Recent studies have highlighted the complex interactions between the pulmonary microbiota and lung cancer pathogenesis, progression, and treatment response. Once considered sterile, the lung is now recognized as a dynamic ecosystem harboring diverse microbial communities. Alterations in these communities have been linked to lung cancer development, immune modulation, and therapy resistance (Yang et al., 2023; Zhao et al., 2021; King, 2024). Emerging evidence suggests that specific microbial signatures may influence chemotherapy efficacy by modulating the tumor microenvironment, immune responses, and drug metabolism (Xue et al., 2023). Analyzing microbial profiles in bronchoalveolar lavage fluid (BALF) from lung cancer patients could provide insights into microbial determinants of treatment response and identify novel predictive biomarkers.
The lung’s metabolic landscape also plays a critical role in cancer biology and treatment outcomes. Metabolites, as end products of cellular processes, reflect the interplay between host metabolism and microbial activity. Dysregulated metabolic pathways, such as glycolysis, amino acid metabolism, and lipid metabolism, are hallmarks of cancer and have been associated with tumor progression, metastasis, and chemotherapy resistance (Yoo et al., 2020; Faubert et al., 2020). Furthermore, the pulmonary microbiota can produce bioactive metabolites that influence host immunity and drug efficacy. By examining metabolic signatures in BALF, we can identify metabolites associated with chemotherapy response, complementing microbial biomarkers for treatment prediction. Integrating microbial and metabolic profiling holds great promise for advancing precision medicine in lung cancer chemotherapy.
Materials and methodsStudy cohorts
This study included a cohort of 25 patients diagnosed with lung cancer, all of whom underwent bronchoscopy at the Department of Respiratory and Critical Care Medicine, Affiliated Jinhua Hospital, Zhejiang University School of Medicine.
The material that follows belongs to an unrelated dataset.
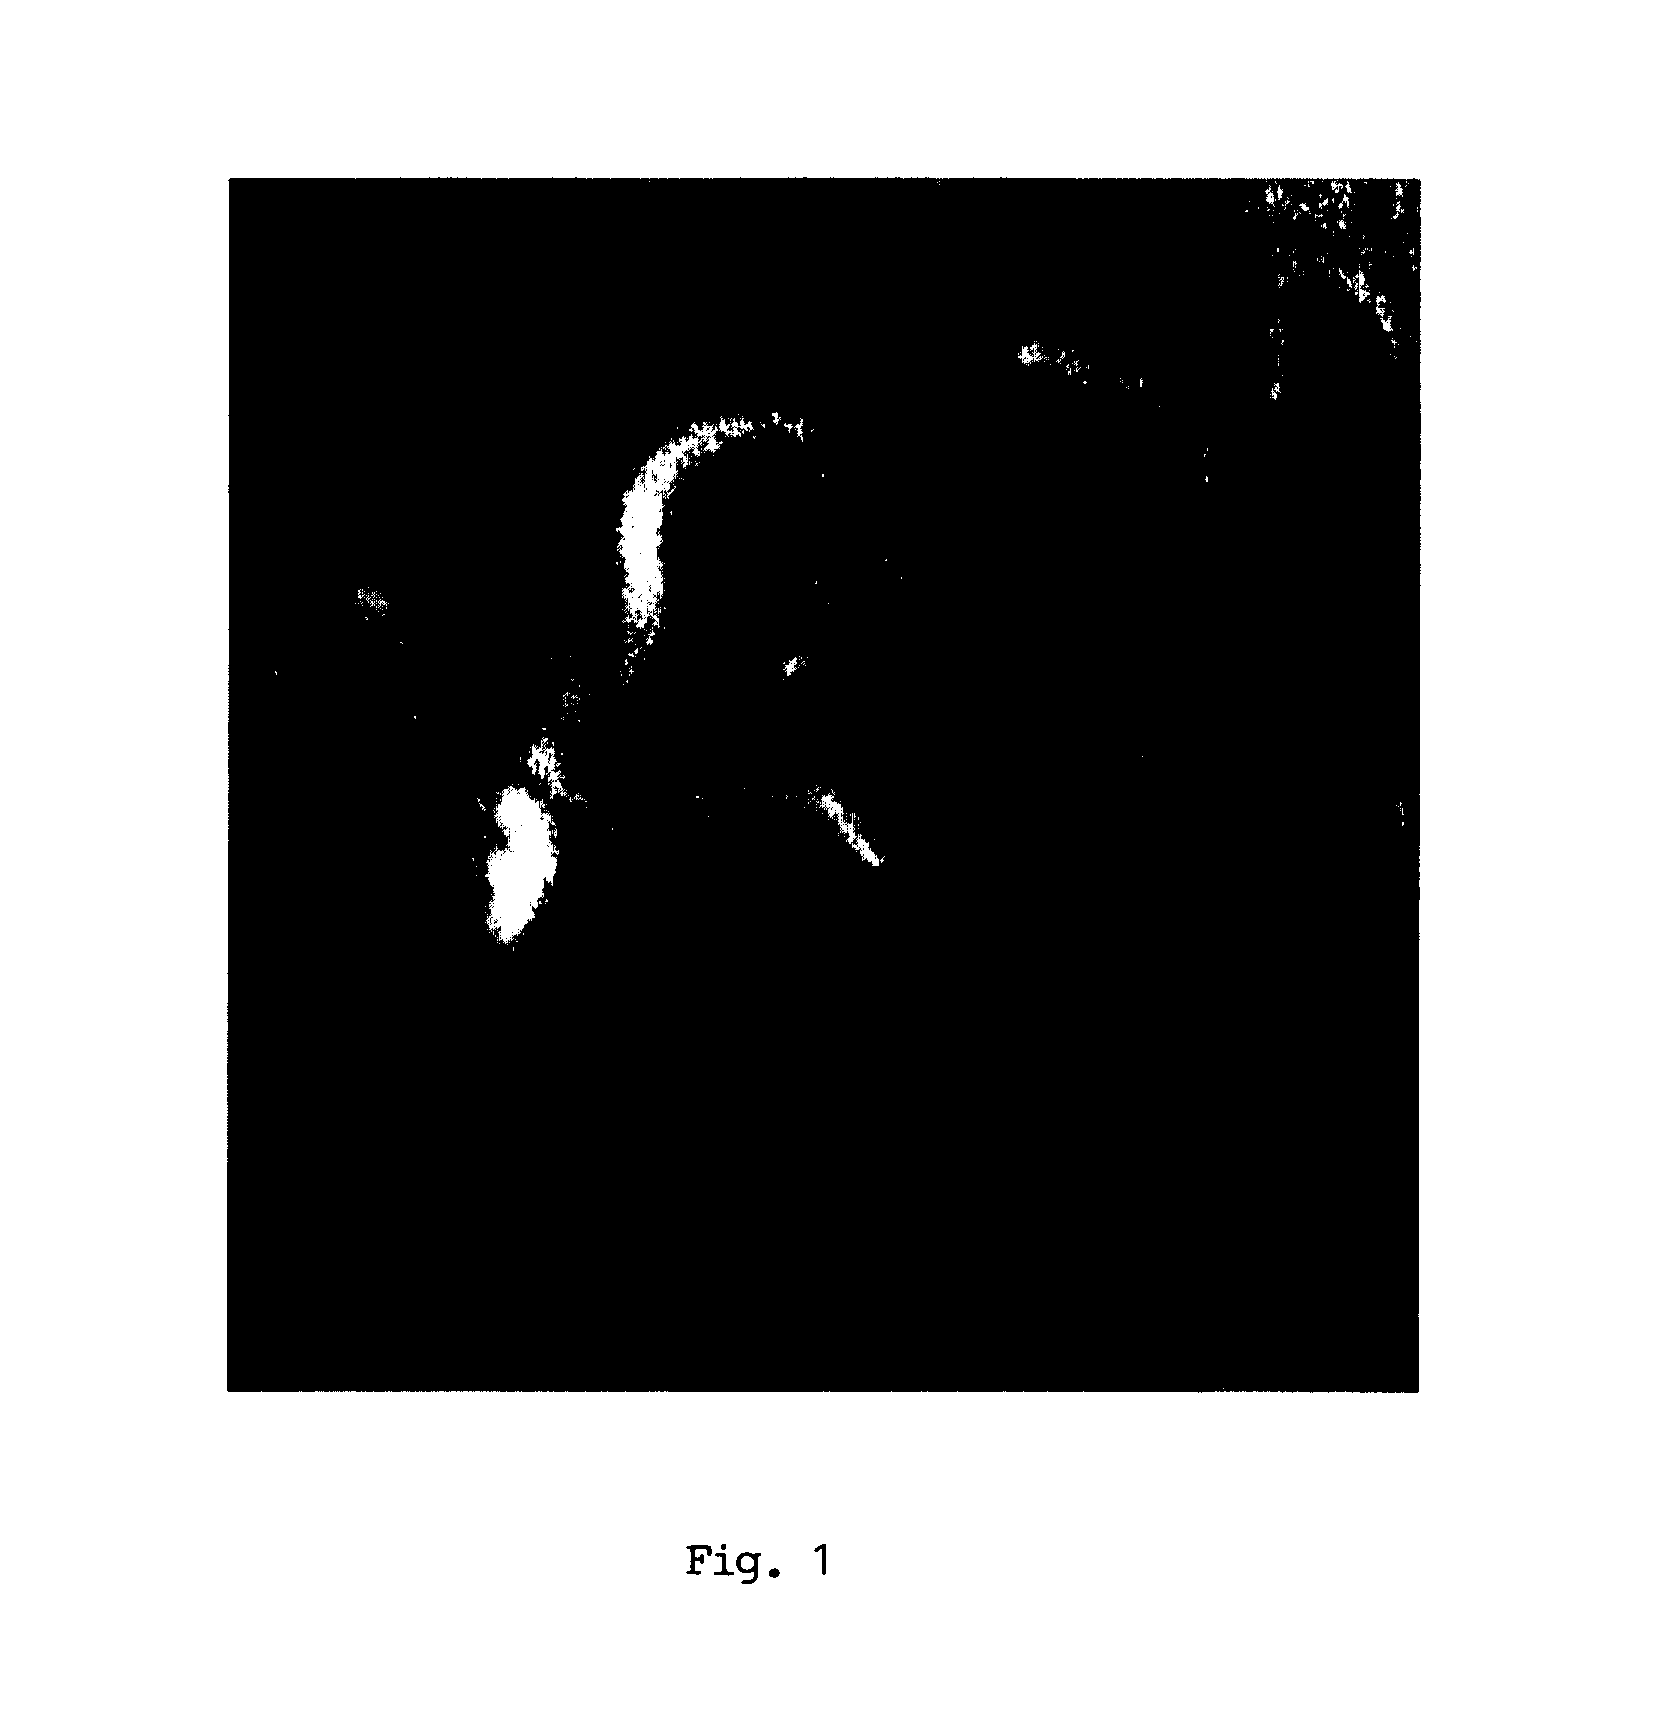 Method for enhancing blood vessels in angiography images

The patients were admitted with space-occupying lesions in the lung between January 2024 and July 2024. BALF, serum, and clinical data were collected from each participant. The inclusion criteria for the study were: (1) initial patient visit, (2) subsequent confirmed diagnosis of lung cancer, and (3) performance of bronchoscopy and collection of BALF at our institution, (4) follow-up in our hospital for 4–6 times of chemotherapy. The exclusion criteria were as follows: (1) history of cancer, (2) antibiotic use within the preceding 3 months, and (3) presence of co-infection, immunodeficiency, or liver and kidney dysfunction.
Compete response (CR) and partial response (PR) were defined as chemo-sensitive patients. Stable disease (SD) and progressed disease (PD) were defined as chemo-insensitive patients.
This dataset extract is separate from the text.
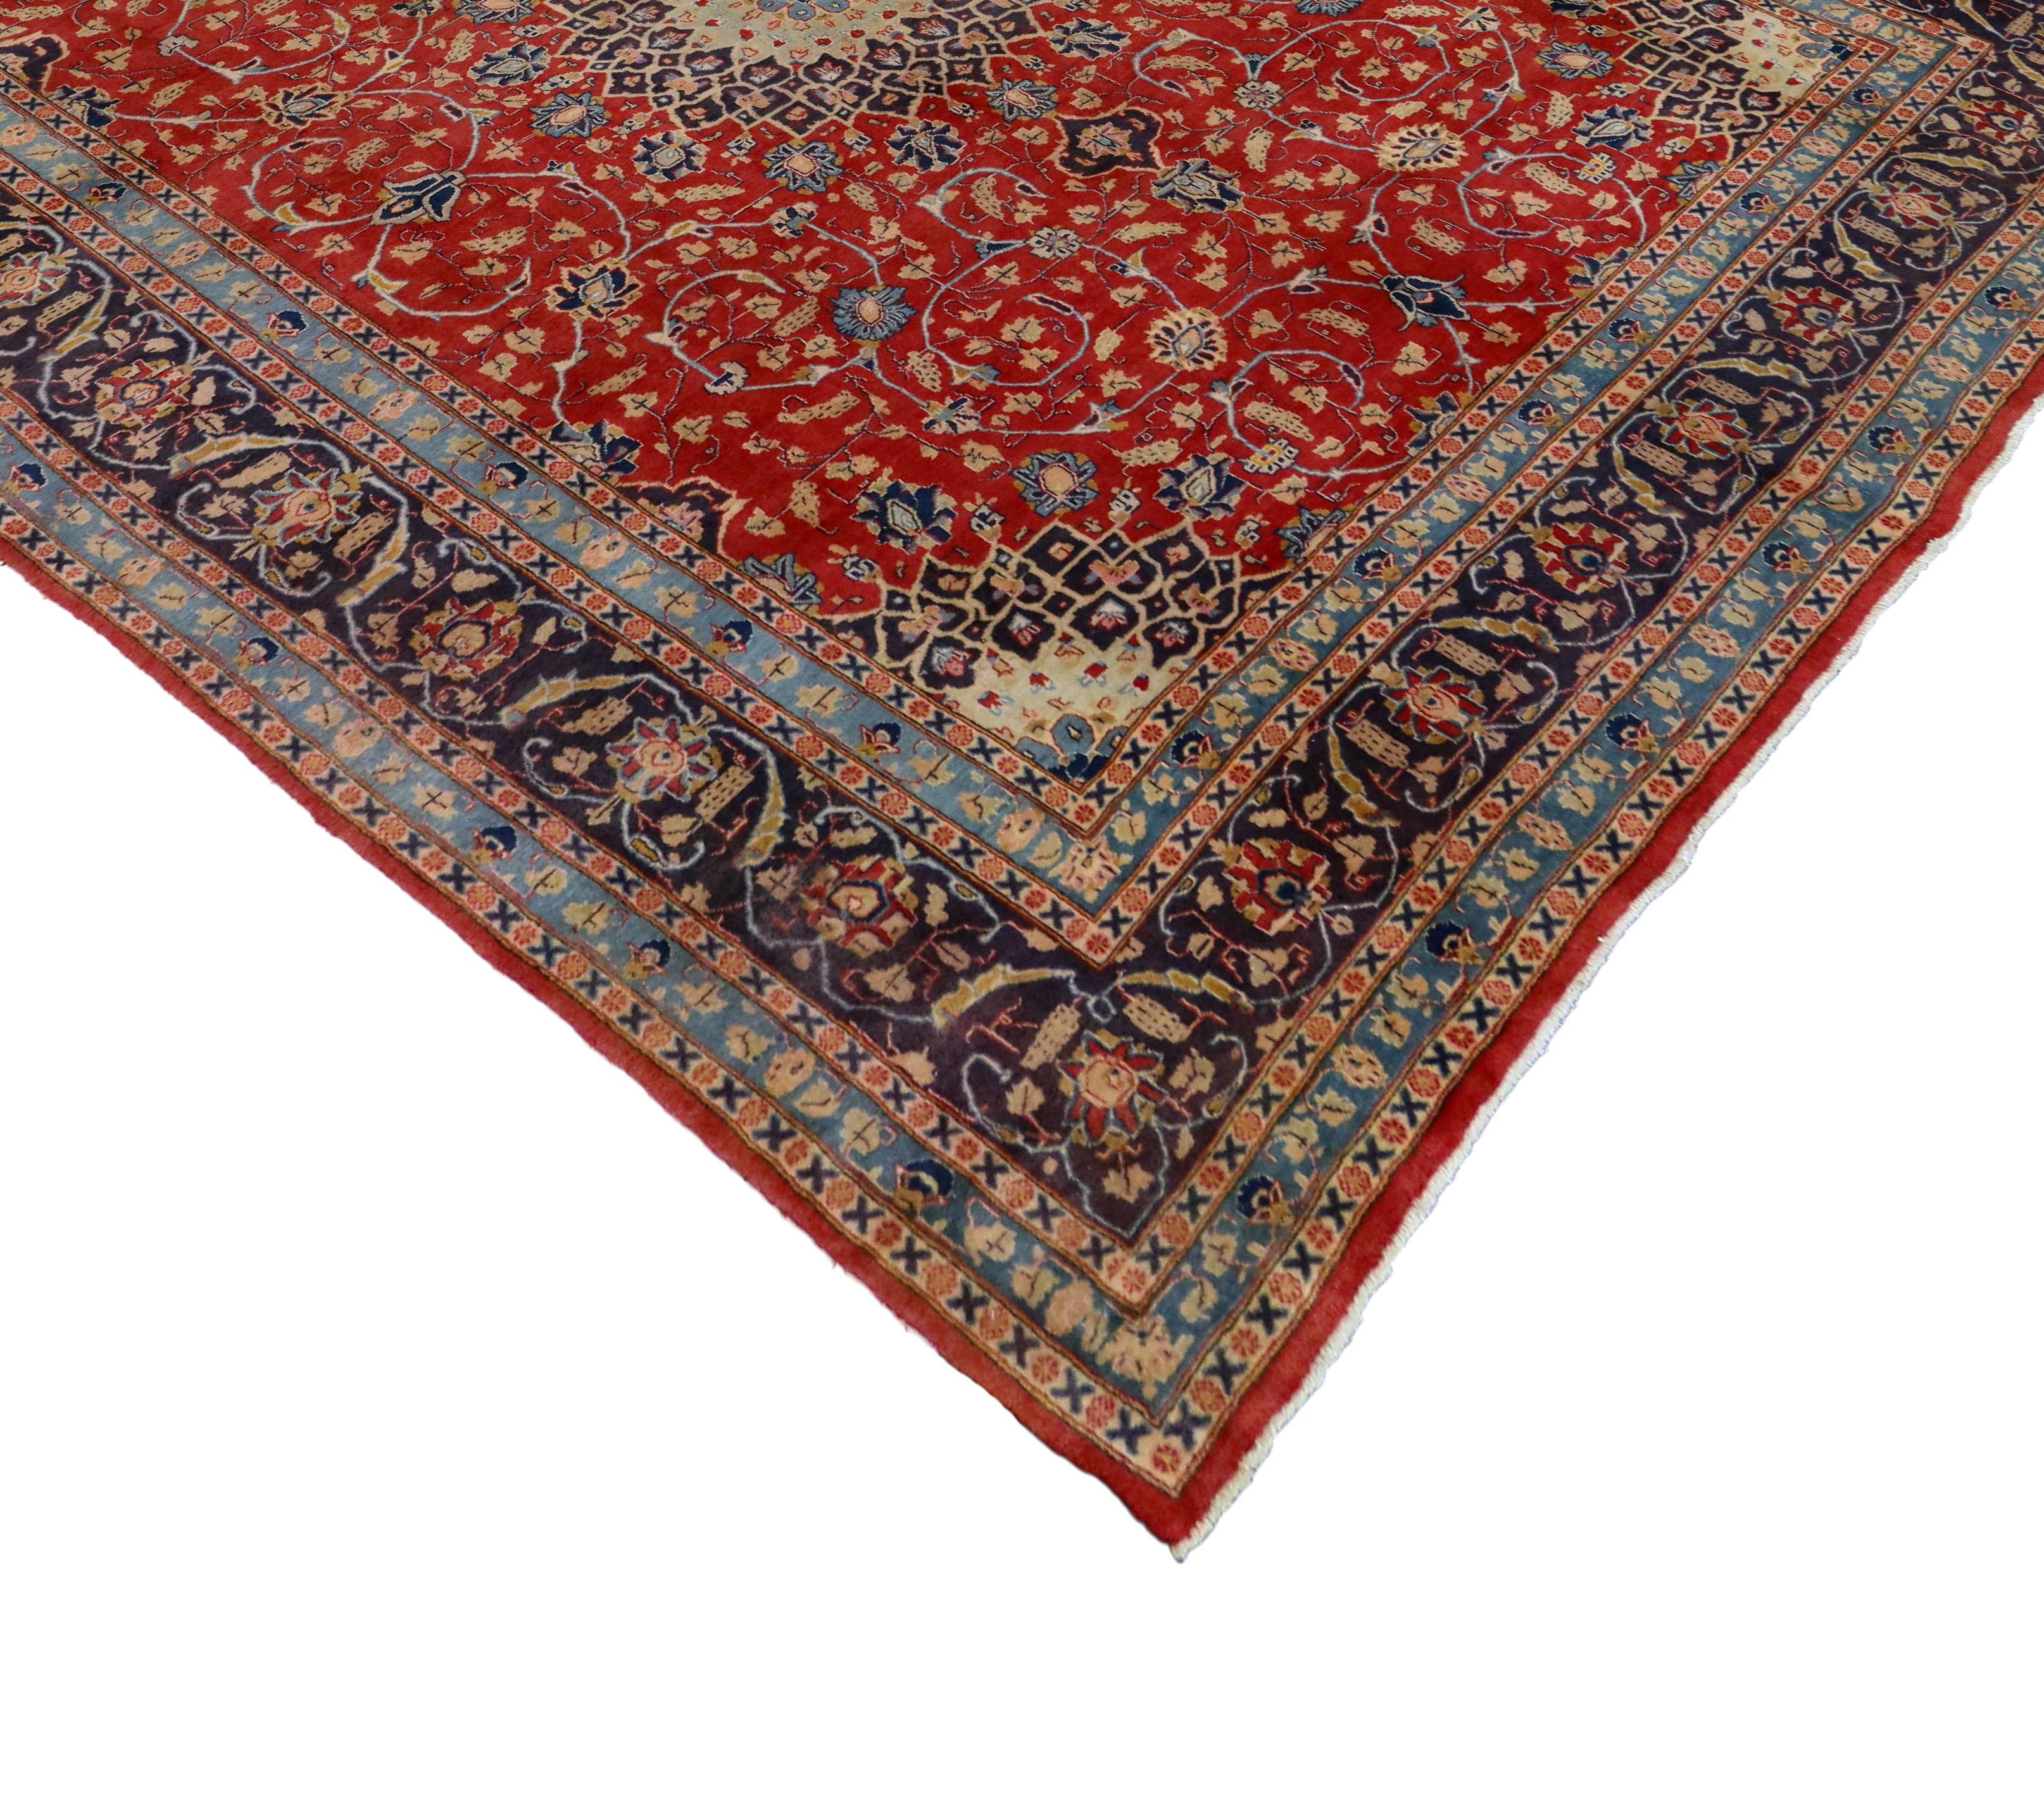 74484, vintage Persian Khorassan rug with traditional style. This hand-knotted wool vintage Persian Khorassan rug features a center medallion and complementary spandrels with an allover arabesque floral pattern surrounded by a classic border

All participants provided informed consent prior to inclusion in the study. The research adhered to the principles outlined in the Declaration of Helsinki and received approval from the Institutional Review Board of Affiliated Jinhua Hospital, Zhejiang University School of Medicine (Ethics Approval Number: AL-JHYY202437).
BALF collection
BALF was collected from affected pulmonary lobes using sterile tubes under standardized protocols to minimize oral contamination. After centrifugation (15,000 g, 30 min, 4°C), supernatants and cell pellets were stored at −80°C for metabolomics and 16S rDNA sequencing, respectively.
16S rDNA high-throughput sequencing and data processing
Genomic DNA was extracted from BALF pellets, and the V3–V4 regions of the 16S rRNA gene were amplified using standard primers (341F/806R). Libraries were prepared with dual-indexed barcodes and sequenced on the Illumina MiSeq platform (2 × 250 bp).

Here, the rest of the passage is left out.